● MATERIAL PROVIDED:
● ● ● ● ● ● ●
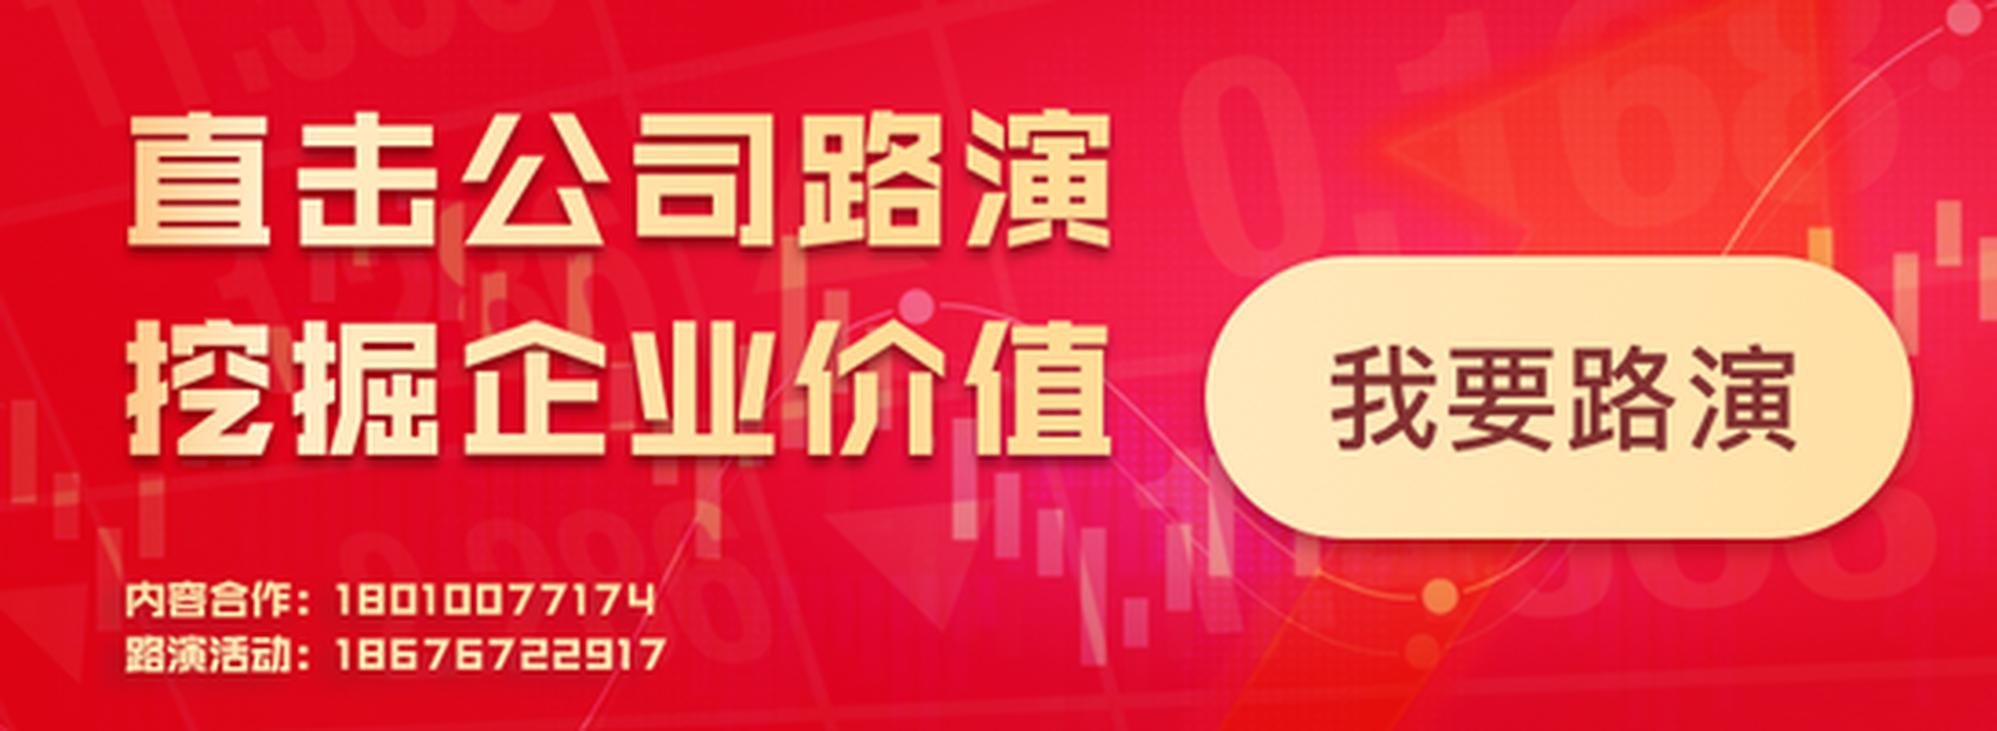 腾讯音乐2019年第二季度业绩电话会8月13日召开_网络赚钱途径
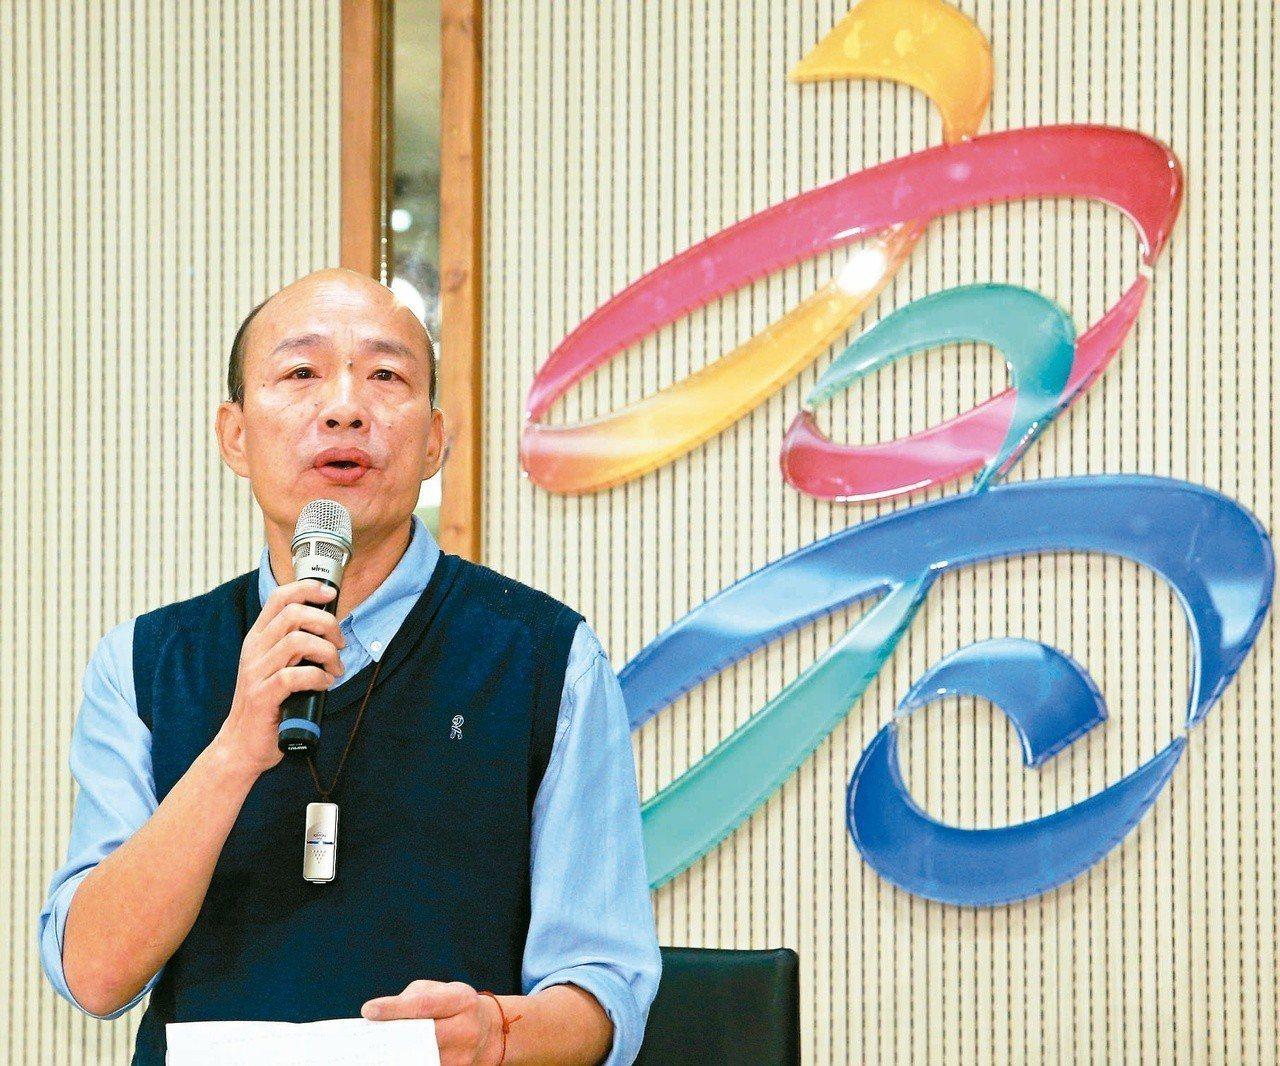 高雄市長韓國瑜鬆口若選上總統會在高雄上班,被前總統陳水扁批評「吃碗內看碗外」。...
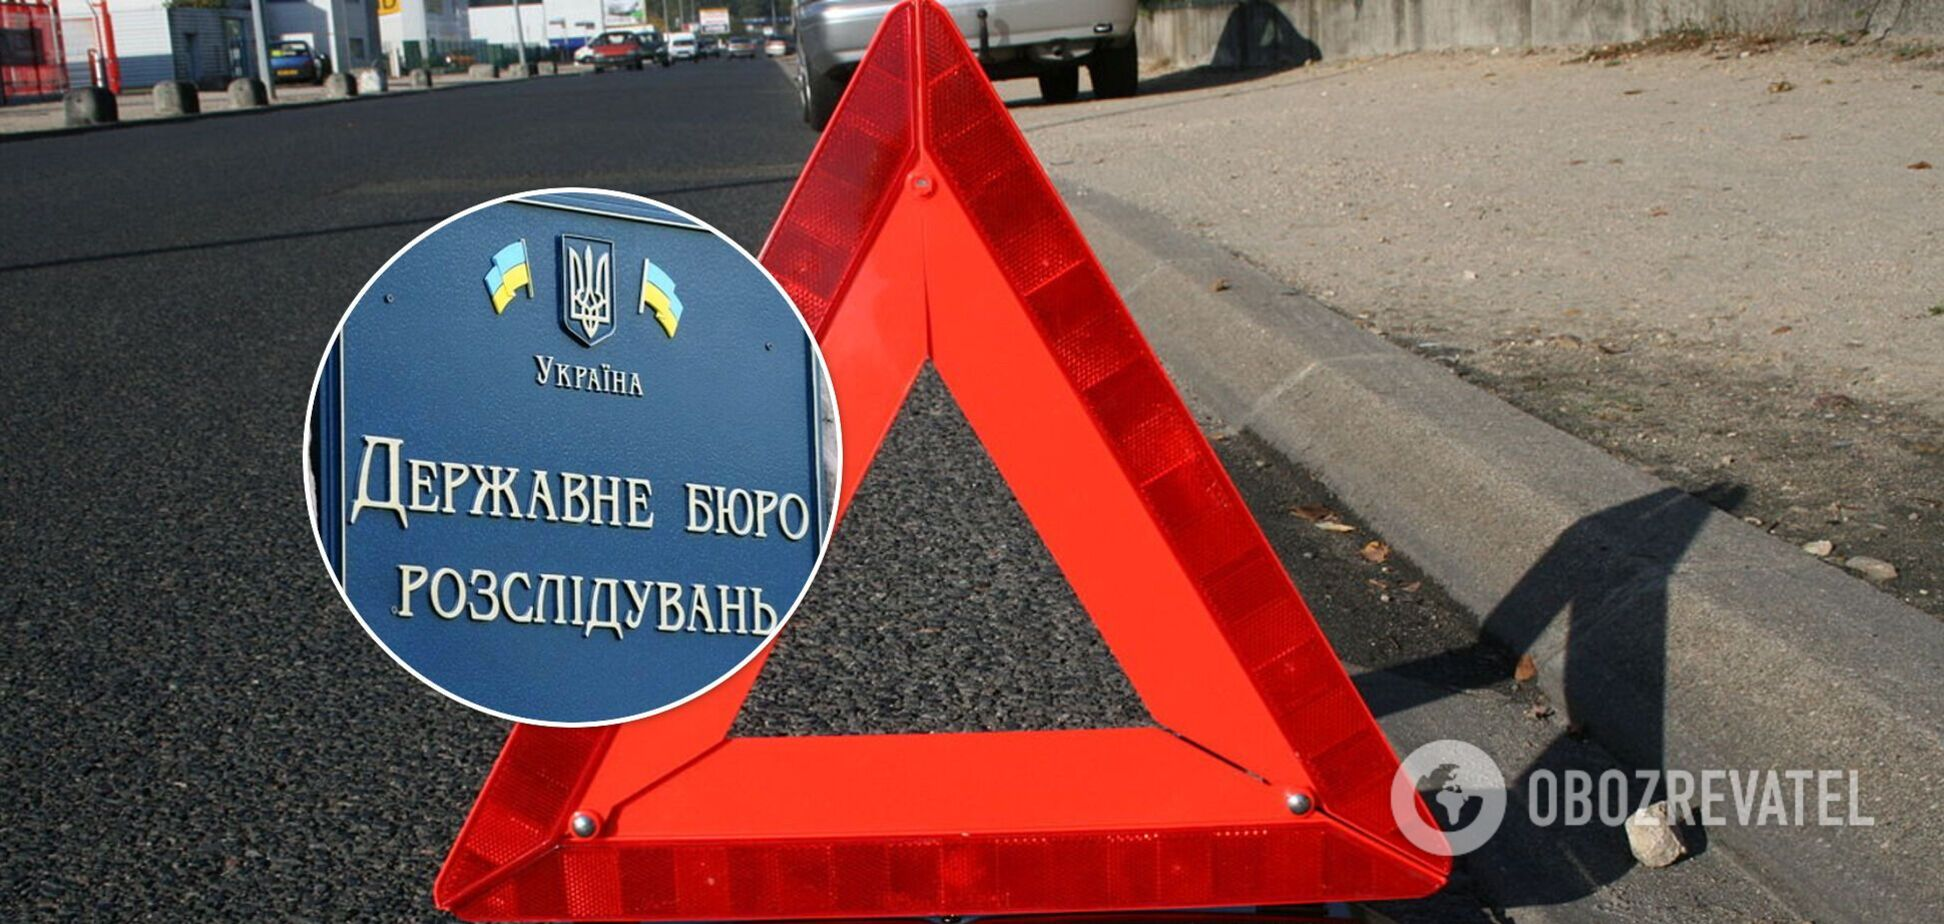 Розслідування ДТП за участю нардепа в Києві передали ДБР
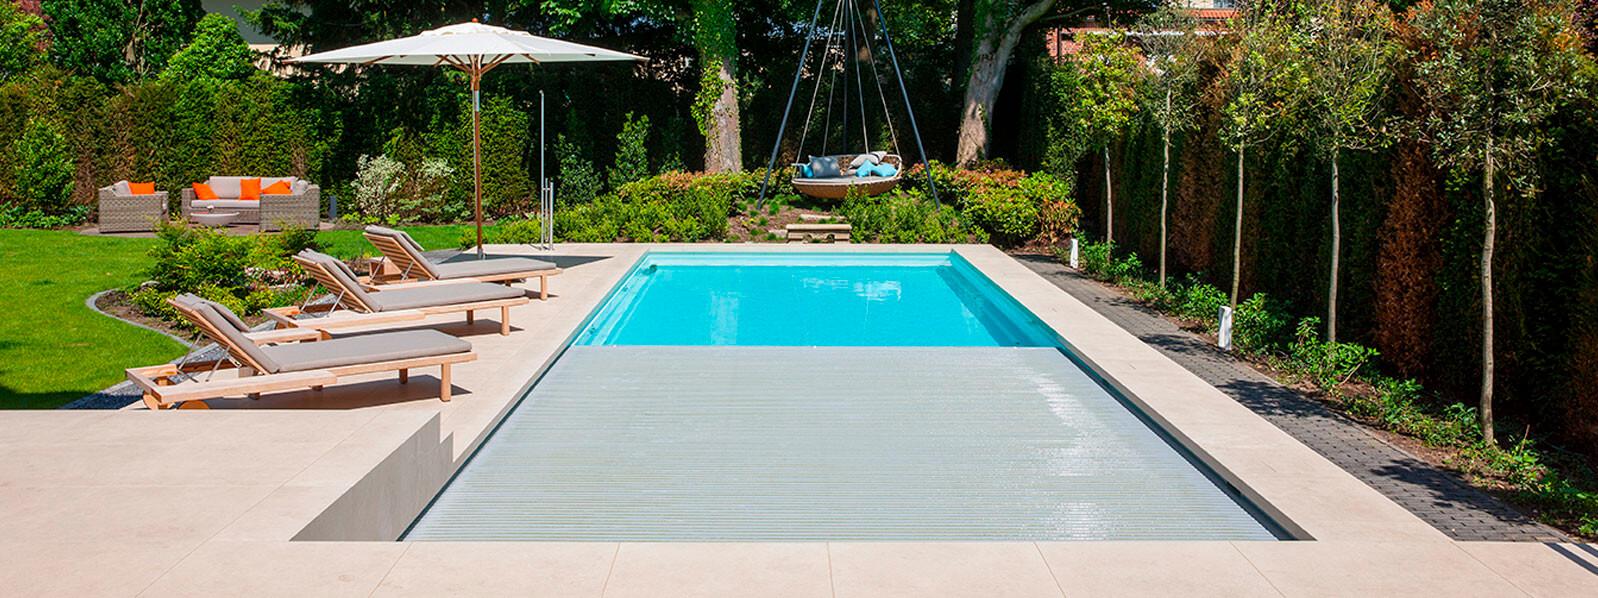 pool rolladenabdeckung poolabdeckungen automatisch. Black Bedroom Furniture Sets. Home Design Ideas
● ● ● ● ● ● ●
Everything in the material above should be reproduced exactly, except the pictures.

 腾讯音乐2019年第二季度业绩电话会8月13日召开_网络赚钱途径
 高雄市長韓國瑜鬆口若選上總統會在高雄上班,被前總統陳水扁批評「吃碗內看碗外」。...
 Розслідування ДТП за участю нардепа в Києві передали ДБР
 pool rolladenabdeckung poolabdeckungen automatisch. Black Bedroom Furniture Sets. Home Design Ideas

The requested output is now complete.